The "boffins" realized that the strobe light night help with nightime aerial photography of troop movements but they needed to test out altitude, exposure, etc and in a meeting in England Doc listened to them trying to figure out where would be a good place to run the tests. Everyone agreed that the ideal place would be a large flat place with a few large vertical features. The boffins were puzzled. Doc smiled as he remembered what happened next. He had been sitting quietly listening to the discussion but now he spoke up. "I don't mean to interfere but I thnk you have a place called Stonehenge that should work out pretty welll."
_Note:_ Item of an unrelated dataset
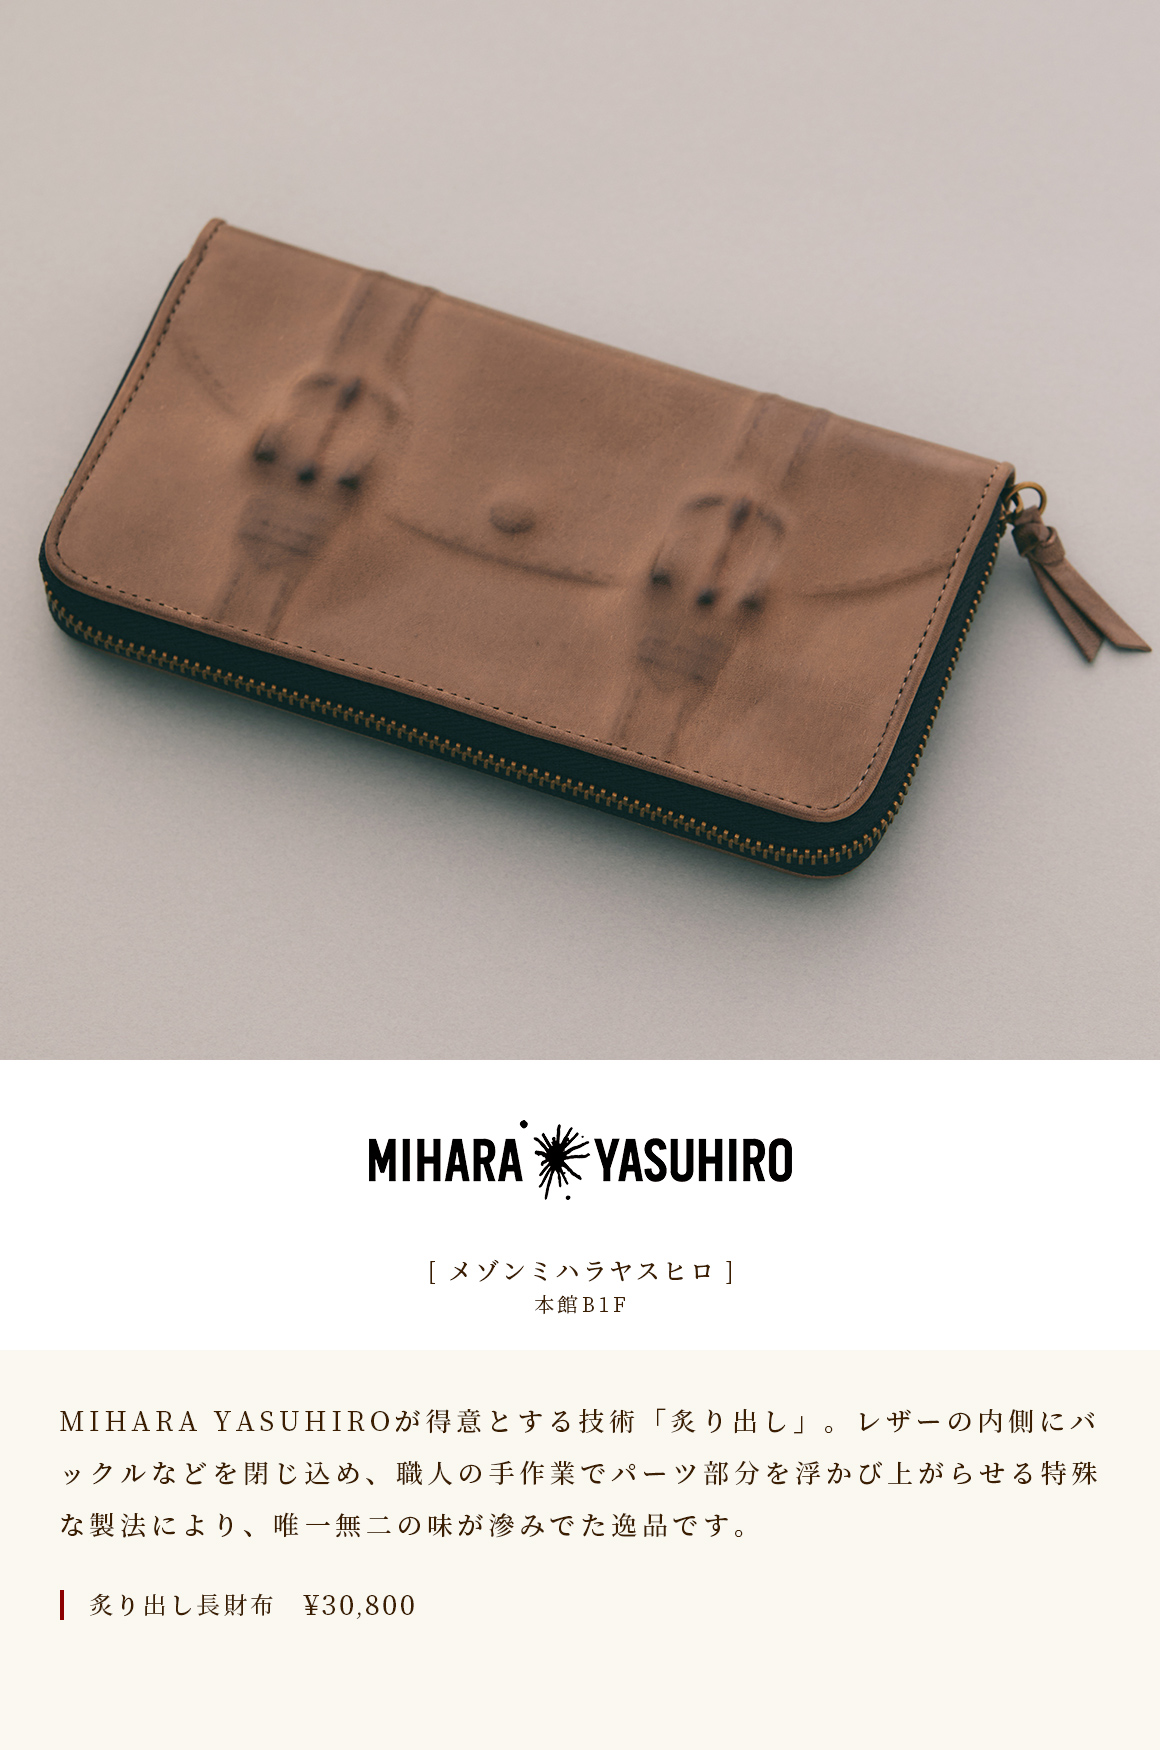 [Maison Mihara Yasuhiro] Main Building B1F MIHARA YASUHIRO的特色是“Aburidashi”。采用特殊的制造方法，将搭扣封闭在皮革内部，并由工匠手工制作，使零件脱颖而出，是具有独特品味的宝石。 Abridashi 钱包 ￥ 30,800
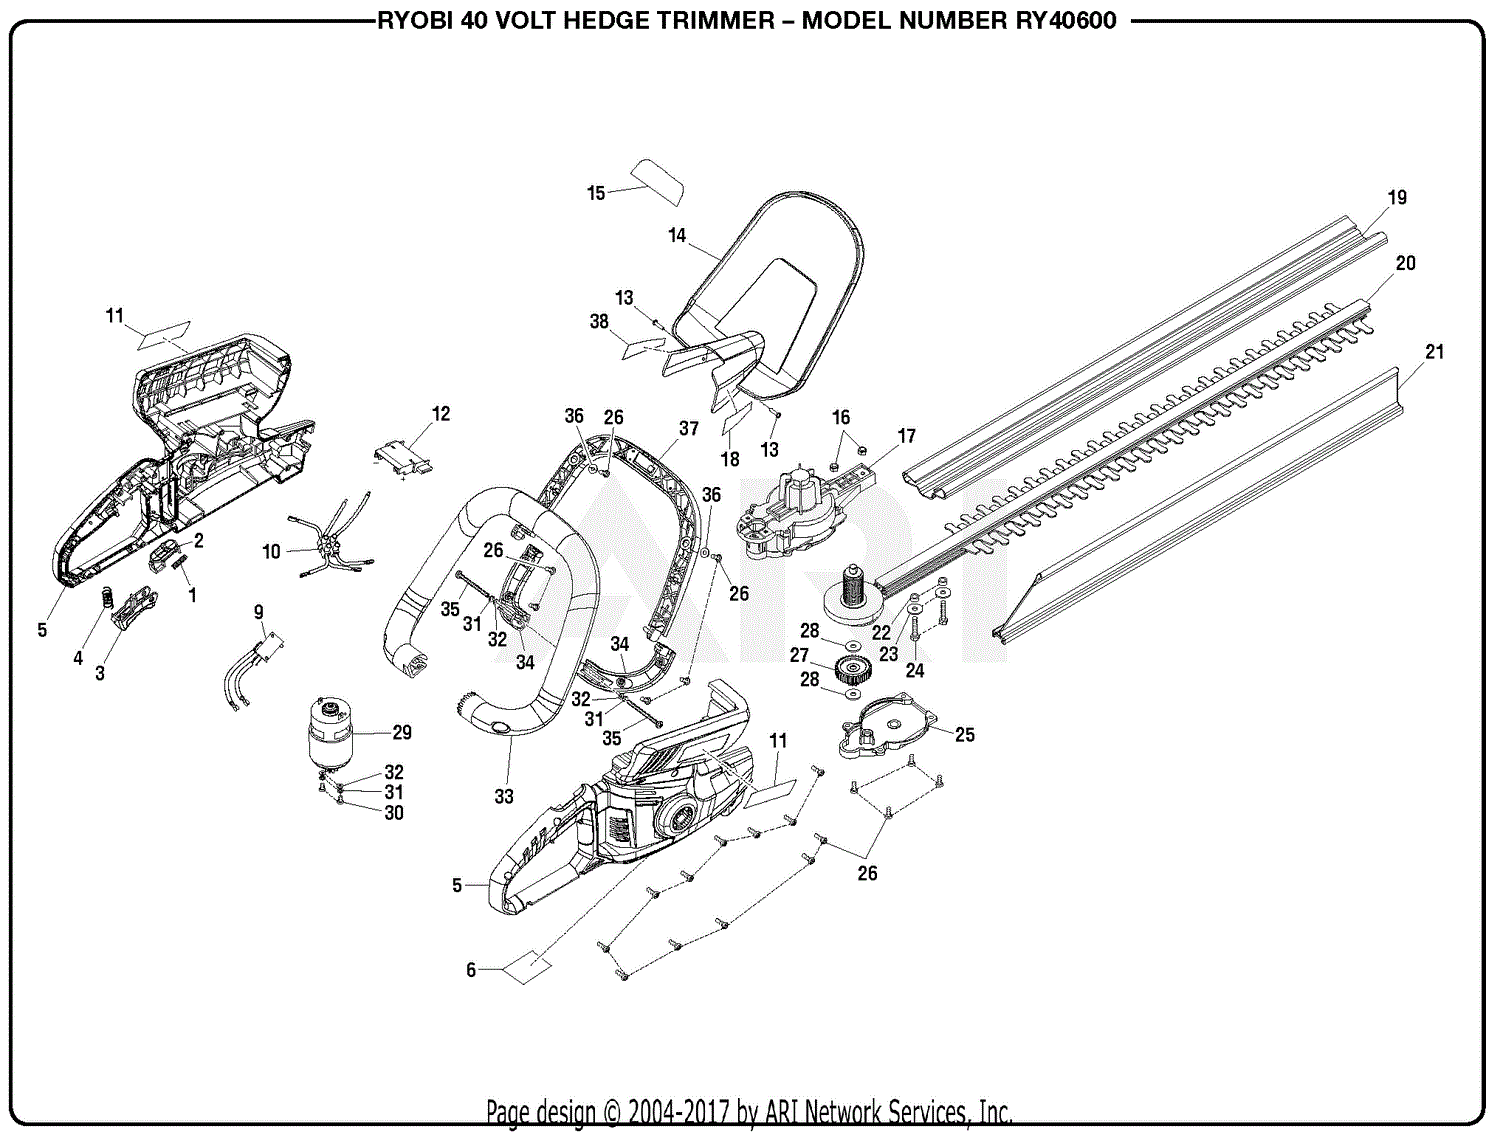 Homelite RY40600 40 Volt Hedge Trimmer Parts Diagram for General Assembly

After the testing, the device went to war and each night the US Air Force flew along the front lines. The films were rushed to the darkroom and there were the images of the movement of armor. US tanks were quickly moved into position facing them and in the morning the panzers were met with a surprising amount of force. After a few days of this, the bewildered German general staff changed tactics and the US tank losses fell rapidly.

I was surprised to find out what he was most proud of in his work with strobe light. I had thought hit might be something to do with his military contributions but he said that his favorite discovery was a little drop visible in his milk drop pictures. Until he pointed it out, I didn't realize the significance. Above the crown-like splash is a drop looking suspended in air. It isn't falling, it is rising! It has bounced off the surface and is going back into the air and will fall a a few milliseconds later. What Doc said though was that until he had developed and interpreted these films no one in the world had ever suspected that a liquid bounced like that in a non-chaotic manner. It just didn't spatter or act randomly. This drop could be recreated by anyone who wished to set up the simple experiment.

As I said, I was thinking about Doc as I drove across the Nebrasha highways and was very surprised to see a sign that said "Visit the Edgerton Science Center". My first thought was that there was a town n Nebraska called Edgerton - not so surprising if Doc was from the state. Perhaps his family had been old, original settlers. However, other signs later made me realize that it was a museum named after Doc. Of course I went to visit it.

I struck up a conversation with the curator who told me tha tthe museum had been gven to the town where Doc was born by the late inventor's friends and was primarily for children. It was a hands-on place designed to intrigue children and Doc's friends knew he would have liked that.

I told the curator some of my "Doc stories" that either he had told me or that I had learned from others who had studied or worked with him. Some, such as his observations about lightning and the Stonehenge story are already well known but htere were smaller anecdotes that he liked and made notes as I talked. It was a very pleasant way to remember a man I was lucky enough to have met and who was one of he most inventive minds of the century.

I guess this is enough. It certainly isn't much about music except that i might add that Doc loved to play music and invited me and me then wife to come over to join him and friends in a weekly get-together but somehow we never did. SAnd there is a lesson in that, too.